External validation on a Murcko scaffold-stratified holdout set (seed=42, never used in training or model selection). The holdout set was expanded from 61 to 107 drugs by integrating observed concentration–time profiles from the Open Systems Pharmacology (OSP) repository, curated literature PK data, and FDA DailyMed labels. Performance is reported using AAFE (Absolute Average Fold Error; Obach et al., 1997):
| Metric | Value | N |
|---|---|---|
| Holdout AAFE (meta-learner) | 2.283 | 107 |
| Holdout %2-fold | 54.2% | 107 |
| In-domain AAFE | 2.100 | 83 |
| Engine-only AAFE | 3.415 | 107 |
| ML-only AAFE | 2.336 | 107 |
The meta-learner adaptively combines mechanistic PBPK simulation with data-driven XGBoost Cmax prediction via LOOCV-calibrated geometric weighting. Weights are compound-type dependent: basic compounds receive a 0.45/0.55 engine/ML split (the PBPK engine adds value for bases), while non-base compounds rely entirely on the ML track (weight stability 82% across LOO folds). In-domain AAFE (N=83) excludes 24 drugs flagged as out-of-applicability-domain (prodrugs, high-MW, extreme lipophilicity) or known extended-release formulation mismatches.

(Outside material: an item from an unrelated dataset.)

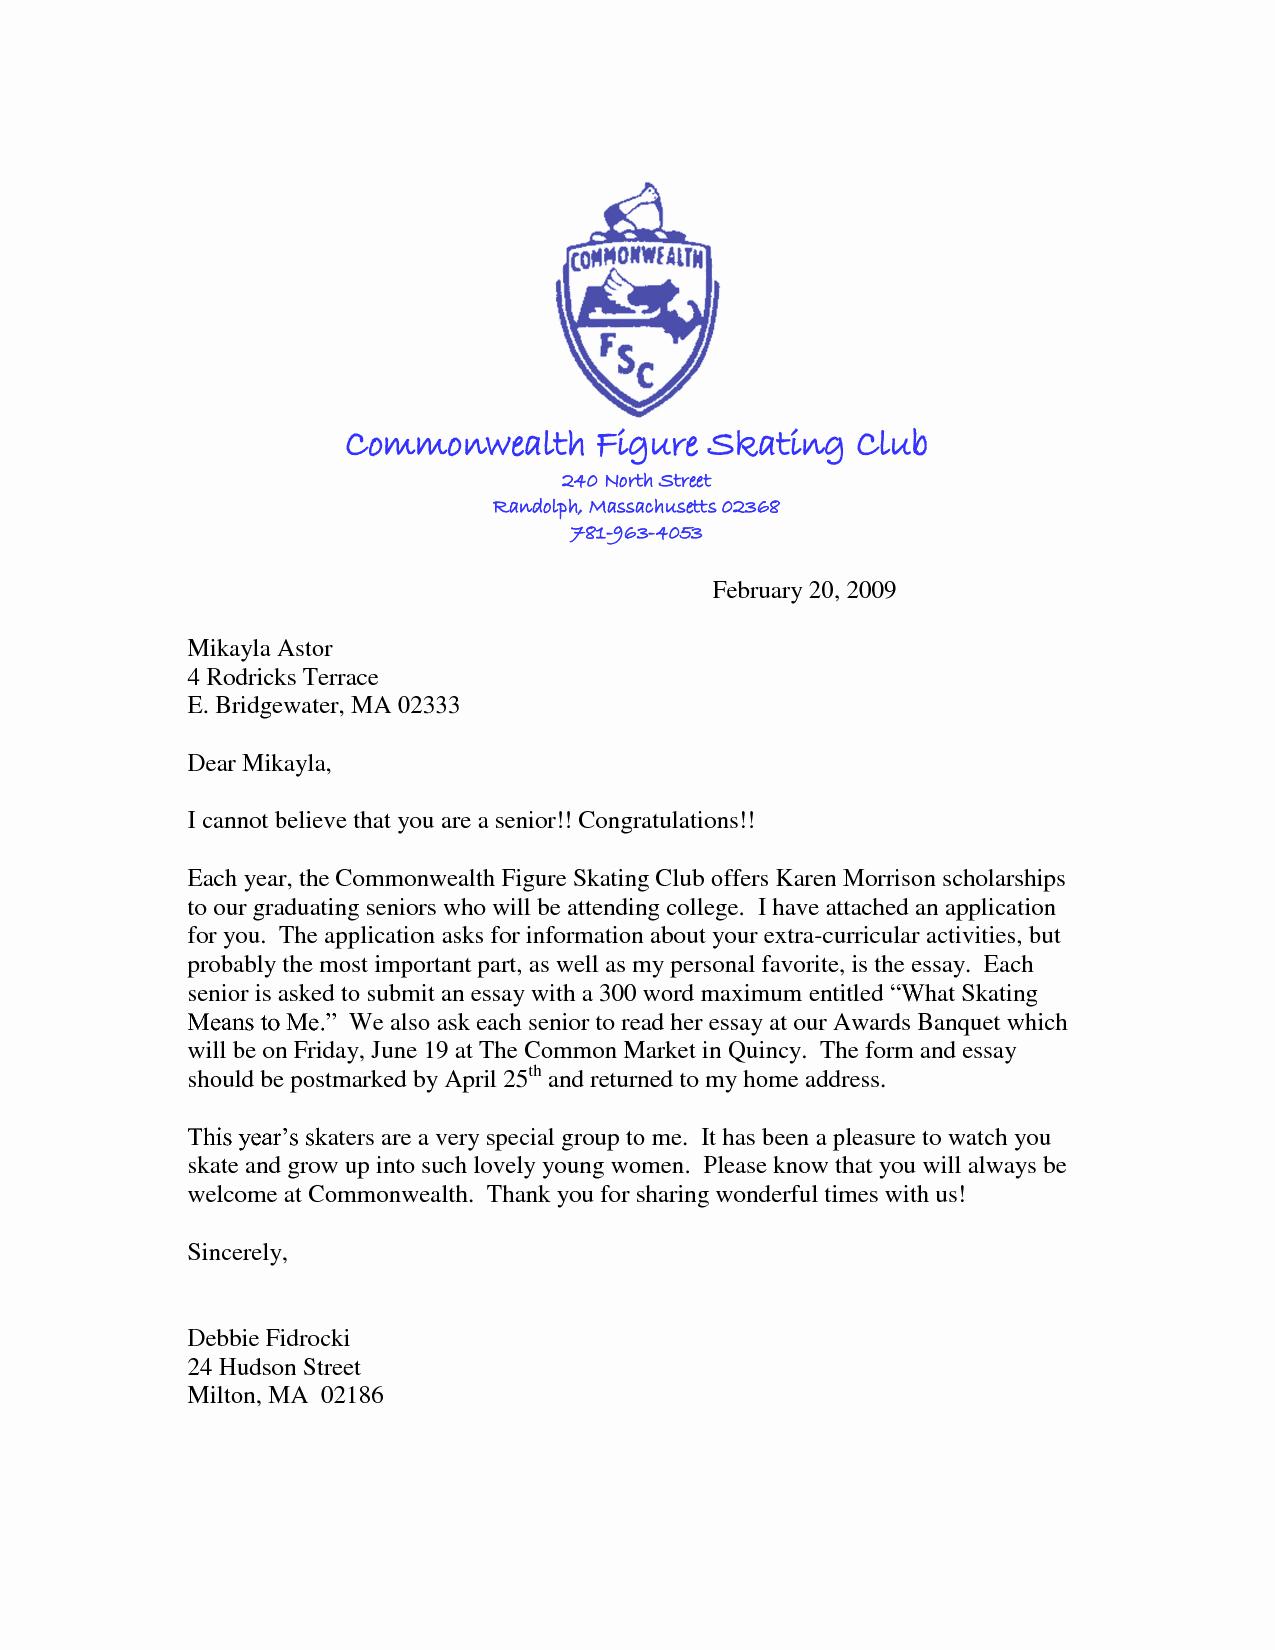 Cover Letter for Scholarship Unique Scholarship Application Cover Letter Sample Resume Template

Three drugs were simulated at clinical dosing regimens and compared against FDA-label steady-state Cmax values:
| Drug | Regimen | Predicted Css,max (mg/L) | FDA label Css,max (mg/L) | Fold error |
|---|---|---|---|---|
| Atorvastatin | 40 mg QD | 0.027 | 0.029 | 0.93 |
| Metformin | 500 mg BID | 0.55 | 1.0 | 0.55 |
| Warfarin | 5 mg QD | 0.34 | 1.4 | 0.24 |
Atorvastatin (CYP3A4-mediated, moderate protein binding) was predicted within 7% of the label value. Metformin (renal elimination-dominant, fu ≈ 1.0) and warfarin (fu = 0.01, highly protein-bound) show expected under-prediction consistent with the model’s known limitations in renal clearance modeling and CLint over-prediction for highly bound compounds. Accumulation ratio direction was correct for all three drugs. Steady-state detection operated correctly in all cases.
Bayesian update was validated in two stages: a single-drug functional test, then a multi-drug benchmark across diverse pharmacokinetic profiles.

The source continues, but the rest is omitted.